Dal 2026 l’obbligo di assicurarsi contro alluvioni, terremoti e frane riguarda anche la tua officina. In 5 minuti: cosa devi sapere, cosa rischi se non l’hai fatto, e perché la polizza giusta è un investimento, non una tassa.

In breve

L’obbligo è già attivo
Per le piccole imprese il termine era il 31 dicembre 2025: è passato. Se non sei assicurato, sei già fuori norma.

Niente multe, ma niente fondi
Senza polizza perdi l’accesso a una lunga lista di contributi pubblici e, con alta probabilità, alle garanzie statali sui prestiti.

Copre il capannone, non il fermo lavoro
Danni a muri e attrezzature sì. I giorni (o mesi) senza poter lavorare restano a tuo carico, salvo estensioni a parte.

Leggi bene le esclusioni
Bombe d’acqua, abusi edilizi anche minori, danno indiretto: è lì che una copertura “minima” lascia scoperta l’officina.

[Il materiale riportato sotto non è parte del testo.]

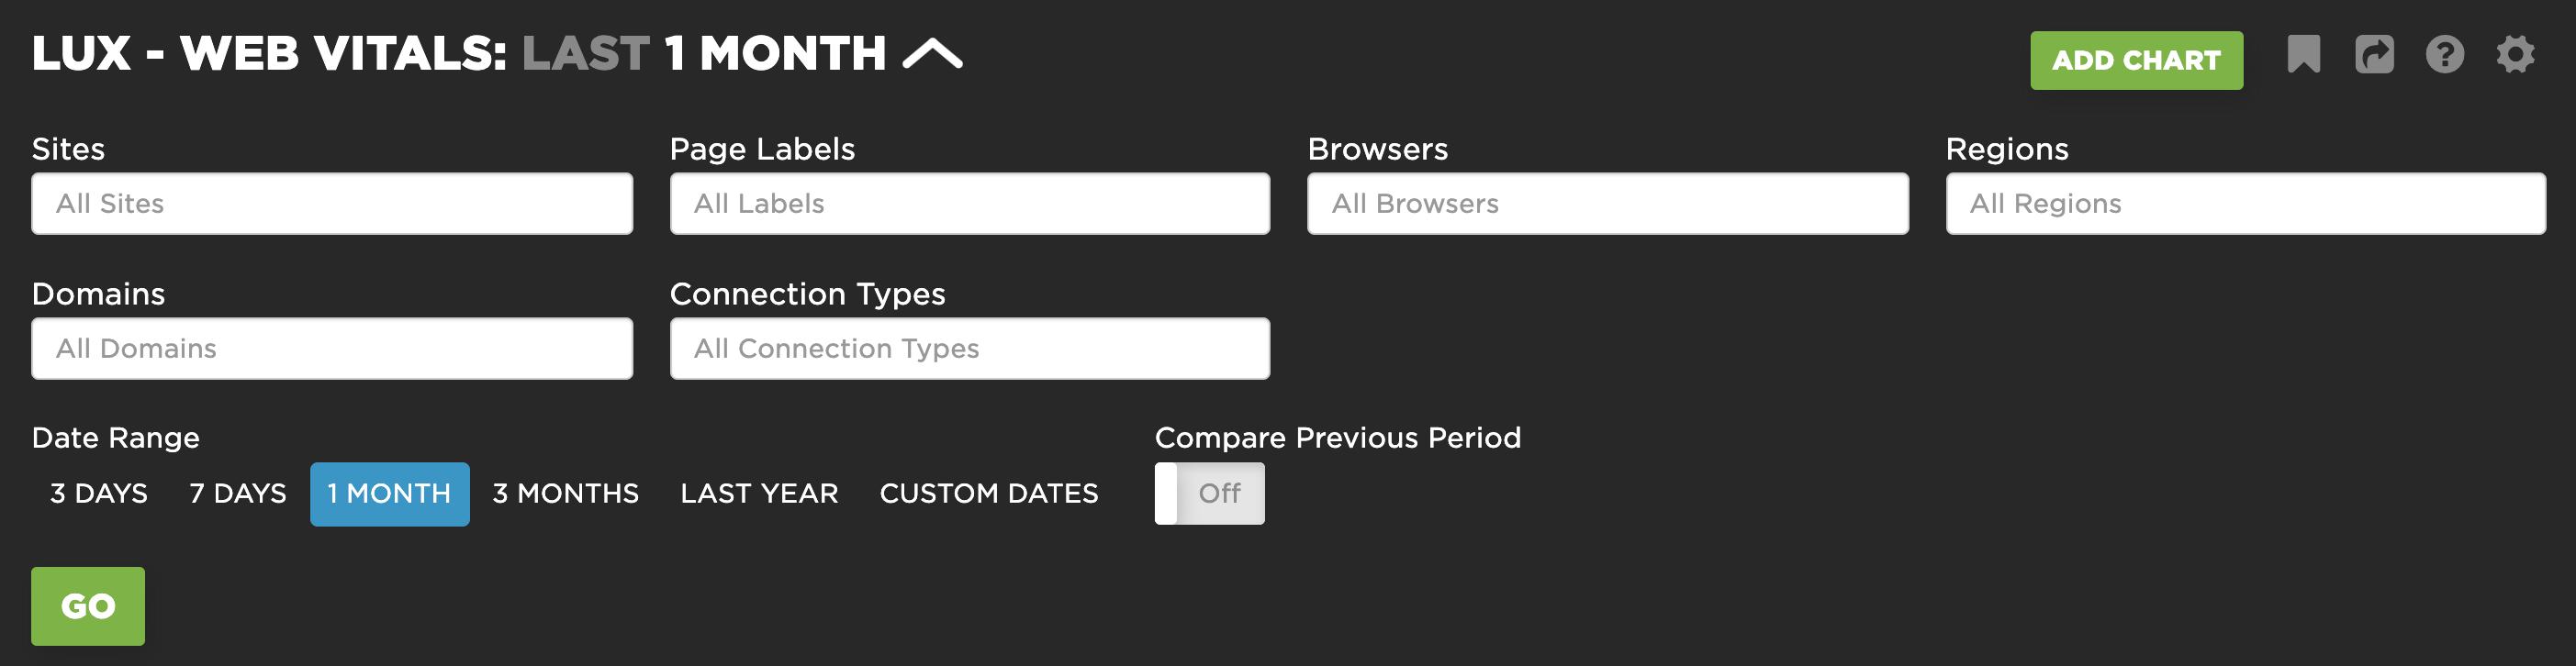 Filtering the Web Vitals Dashboard

 Le scadenze: per la tua carrozzeria il tempo è già scaduto

La Legge di Bilancio 2024 ha introdotto l’obbligo, per tutte le imprese italiane, di assicurarsi contro alluvioni, sismi e frane. Le scadenze sono scalate per dimensione d’impresa:

31 mar 2025
Grandi imprese

30 set 2025
Medie imprese

31 dic 2025
Piccole e micro imprese — qui rientra la tua carrozzeria

Obbligo pienamente operativo dal 1° gennaio 2026

Scaduto

31 mar 2026
Pesca, ristorazione, turismo

Unica proroga concessa — non vale per l’autoriparazione

La proroga ottenuta da pesca, ristorazione e turismo non riguarda le carrozzerie. Per la tua attività il termine è scaduto il 31 dicembre 2025: non sei “in attesa”, sei già fuori norma.

 Chi deve assicurarsi

Tutte le imprese iscritte al Registro delle Imprese, comprese le ditte artigiane. Vale anche se il capannone è in affitto, leasing o noleggio: in quel caso l’obbligo passa a te, a meno che il proprietario non l’abbia già assicurato. Se l’officina condivide l’edificio con la tua abitazione, la polizza riguarda solo la parte usata per l’attività.

Il vero costo di restare scoperti

Non ci sono multe dirette. Ma un decreto attuativo del 18 giugno 2025 esclude le imprese senza polizza da una lunga serie di agevolazioni pubbliche, verificate al momento dell’erogazione — già da oggi, per le piccole imprese:

  • Contratti di sviluppo
  • Aree di crisi industriale
  • Cooperative
  • Start-up innovative
  • Ricerca e sviluppo
  • Salvaguardia occupazionale
  • Economia sociale
  • Energie rinnovabili PMI
  • Venture capital

Il fronte più sensibile: il Fondo di Garanzia per le PMI. È lo strumento con cui la maggior parte delle piccole imprese ottiene credito bancario garantito dallo Stato. Più associazioni di categoria segnalano che senza polizza catastrofale anche questo accesso è a rischio. Se pensi a un finanziamento per rinnovare l’officina, cambiare la cabina di vernice o installare il fotovoltaico, non farti trovare scoperto.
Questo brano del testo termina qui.